**** Material provided ****

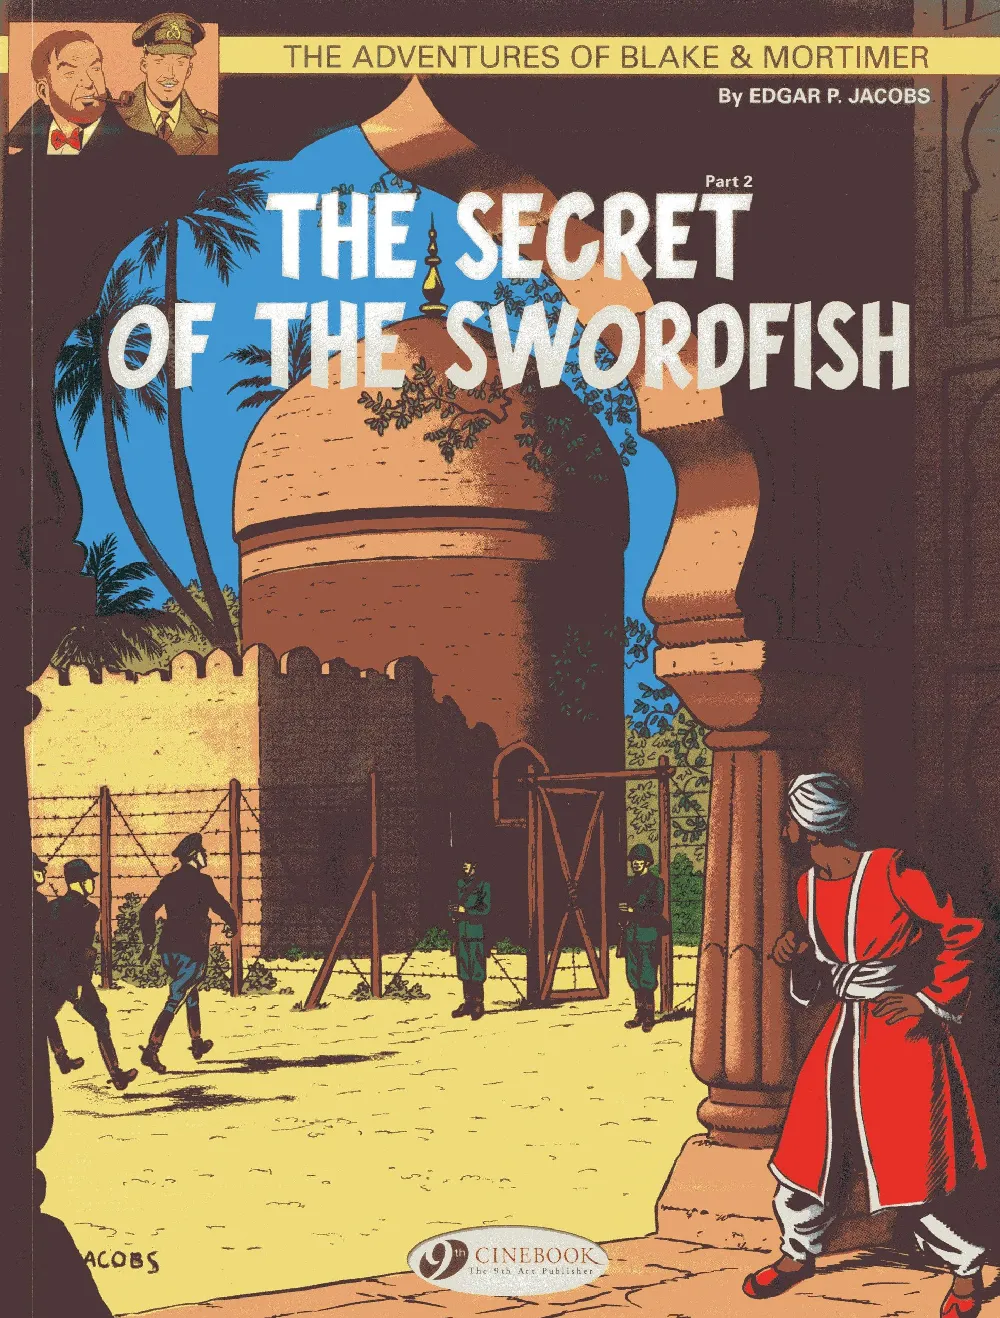 The Secret of the Swordfish - Part 2
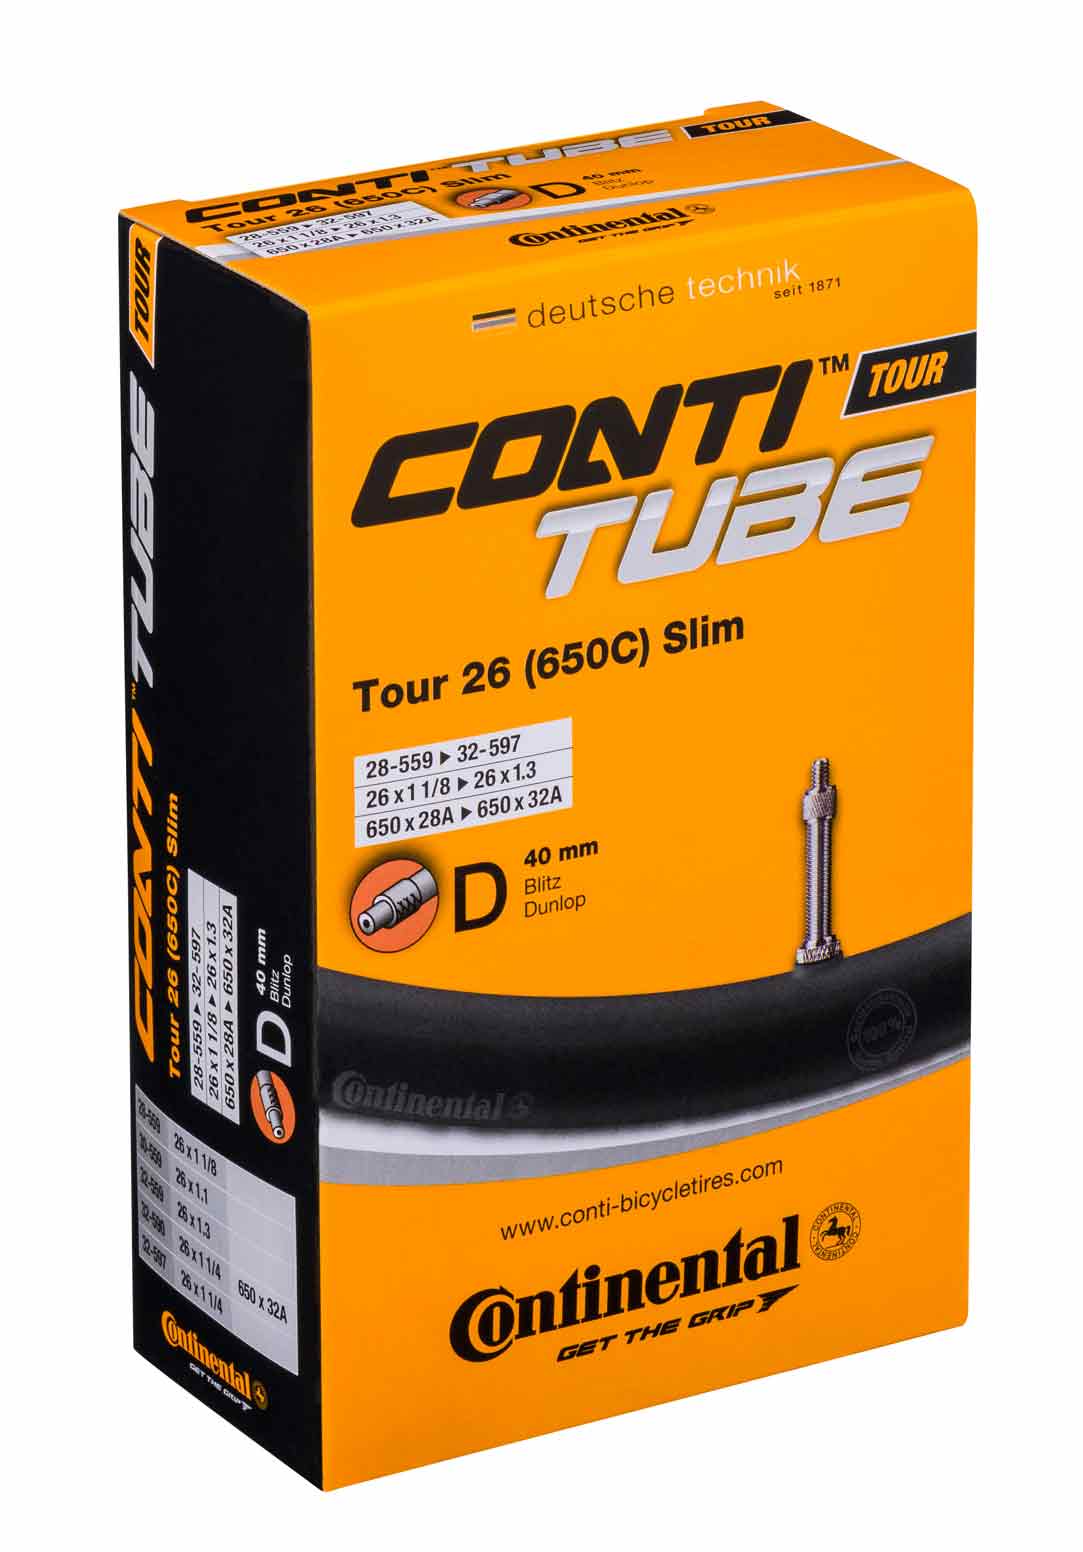 Continental Tour Tube Slim 26 - Bild 1
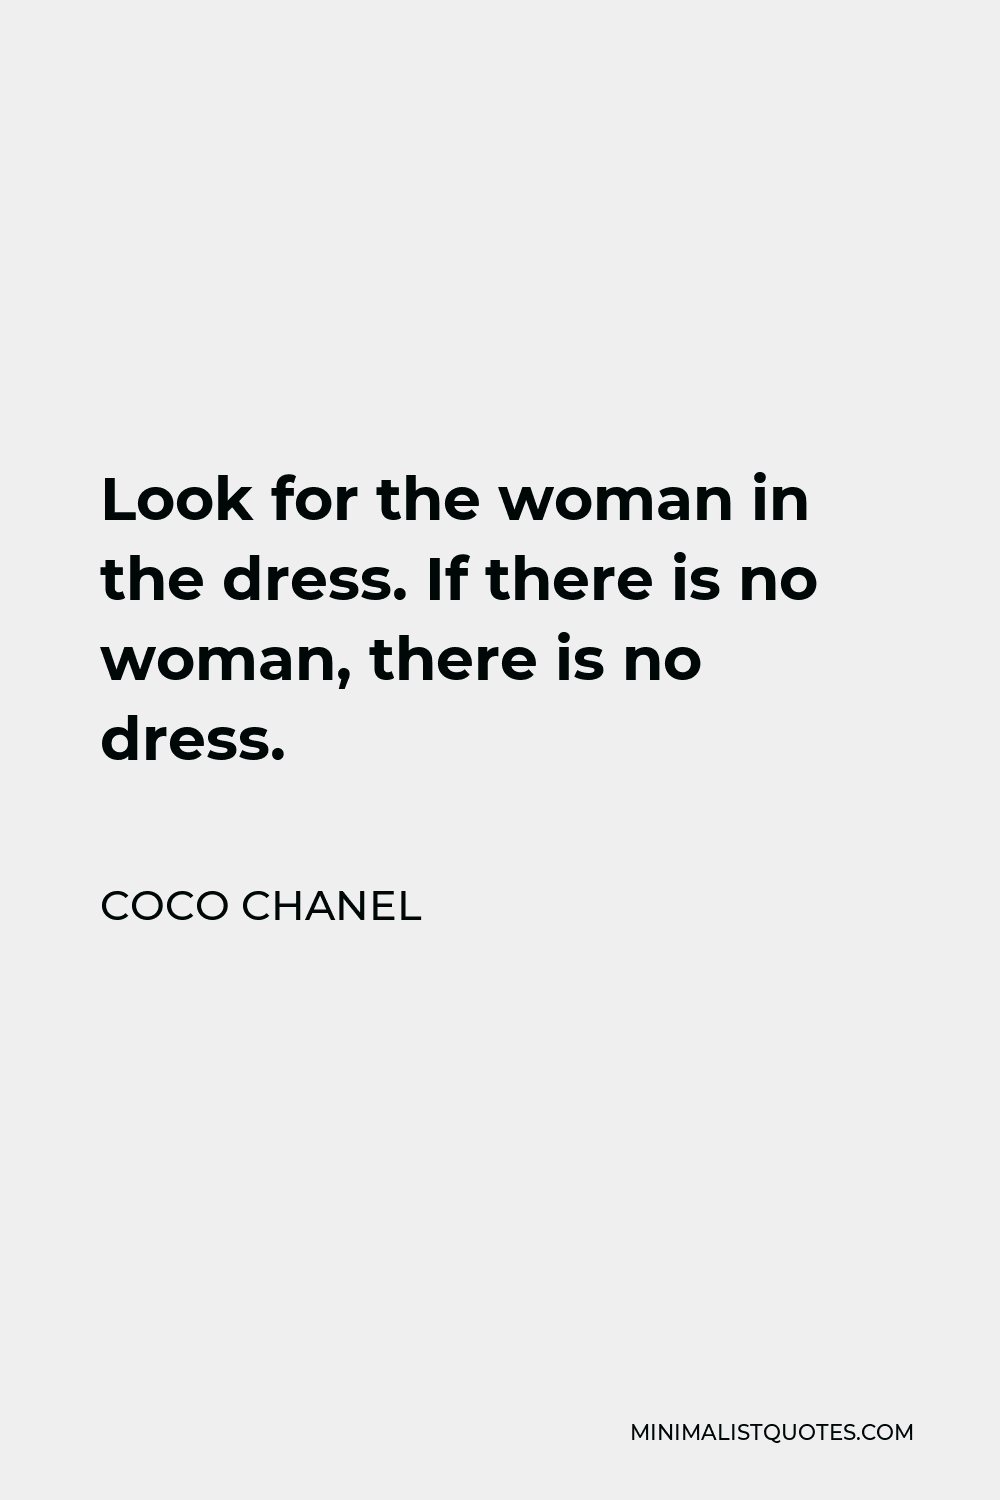 Fashion #Quotes #Dress #kill | Stylish quote, Quotes, Design quotes

****

## Problem requirements
Set down each line of the material exactly and skip every image.

## Solution for this task
 The Secret of the Swordfish - Part 2
 Continental Tour Tube Slim 26 - Bild 1
 Fashion #Quotes #Dress #kill | Stylish quote, Quotes, Design quotes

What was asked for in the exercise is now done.